TASK DETAILS.
In the entries below, which lines run from the one with "Deserta strada islandese" through the one with "Women's Solid Color"? Repeat exactly those, both included, and no pictures.

SUPPLIED DATA.
——————————
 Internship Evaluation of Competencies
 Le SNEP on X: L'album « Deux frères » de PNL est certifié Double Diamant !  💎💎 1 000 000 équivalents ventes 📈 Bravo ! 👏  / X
——————————
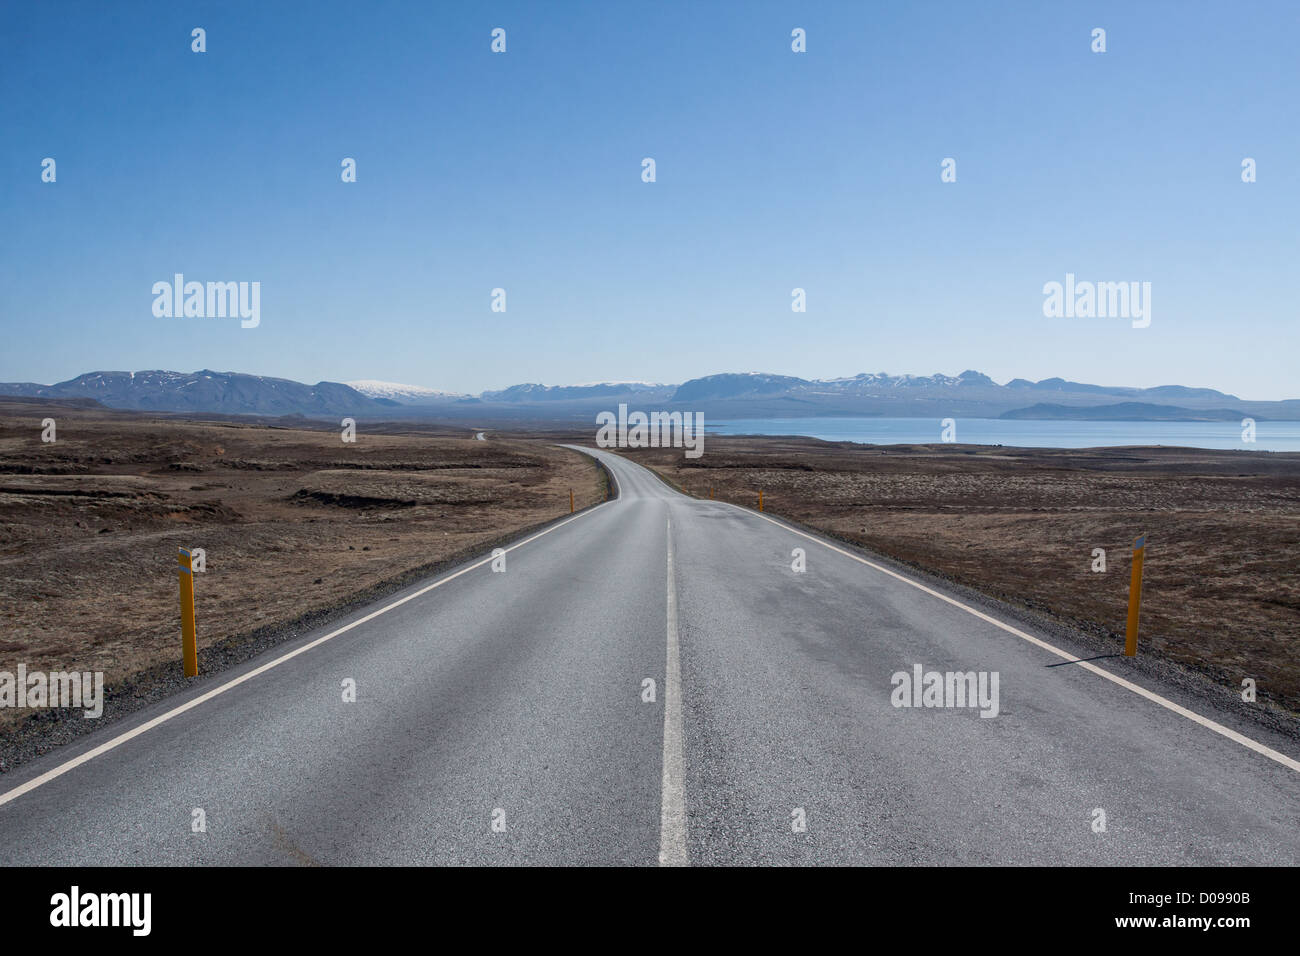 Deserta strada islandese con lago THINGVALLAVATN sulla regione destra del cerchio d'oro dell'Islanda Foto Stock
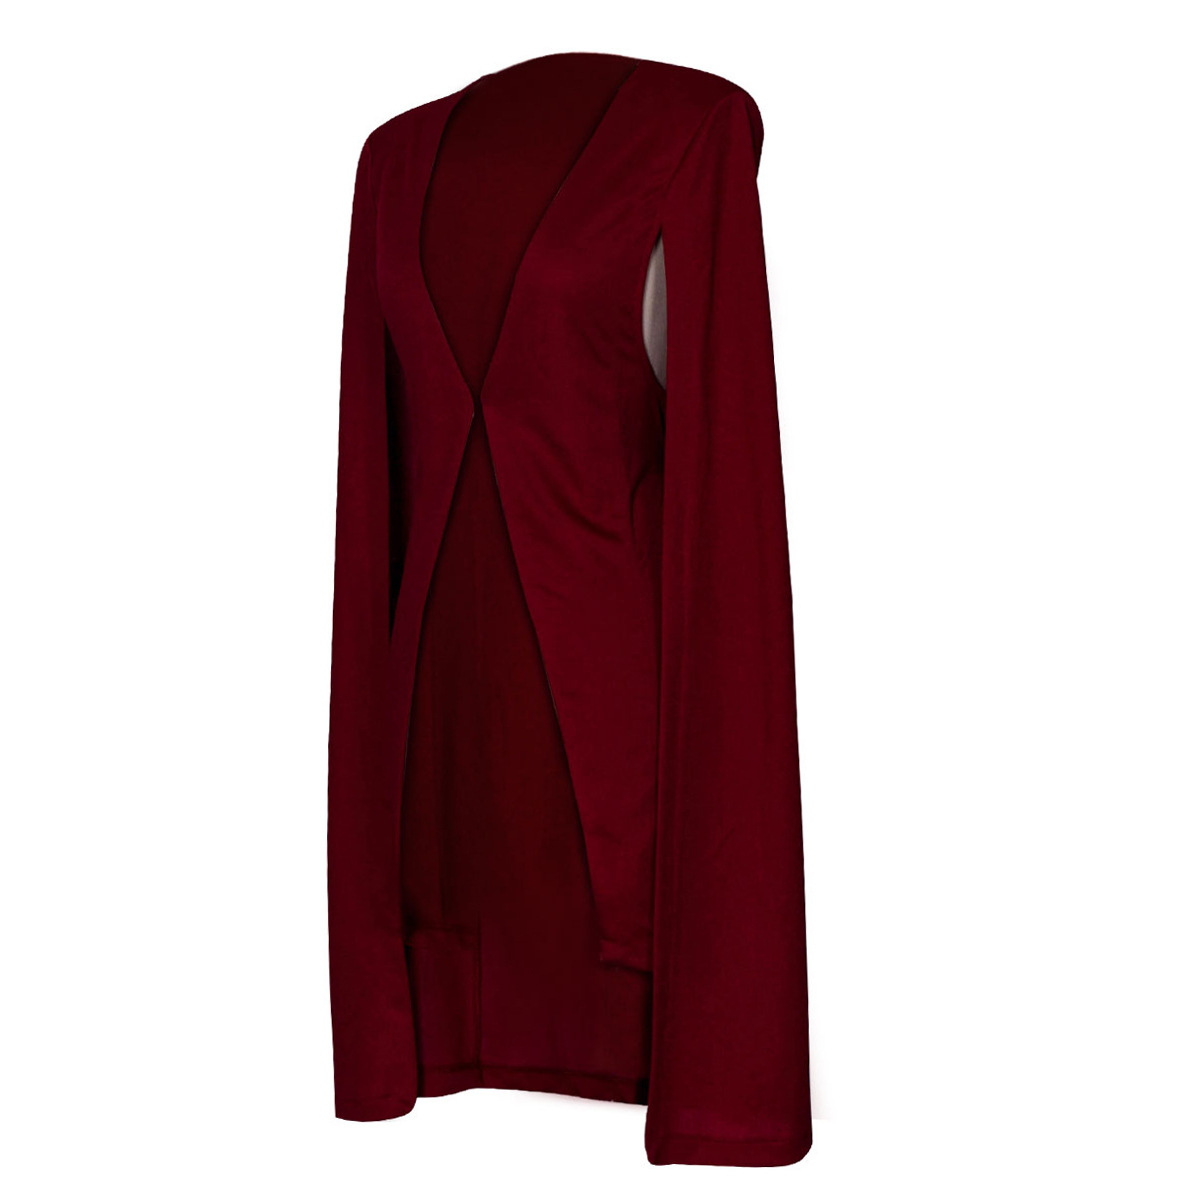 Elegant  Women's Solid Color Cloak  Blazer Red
——————————
ANSWER BOX.
 Deserta strada islandese con lago THINGVALLAVATN sulla regione destra del cerchio d'oro dell'Islanda Foto Stock
 Elegant  Women's Solid Color Cloak  Blazer Red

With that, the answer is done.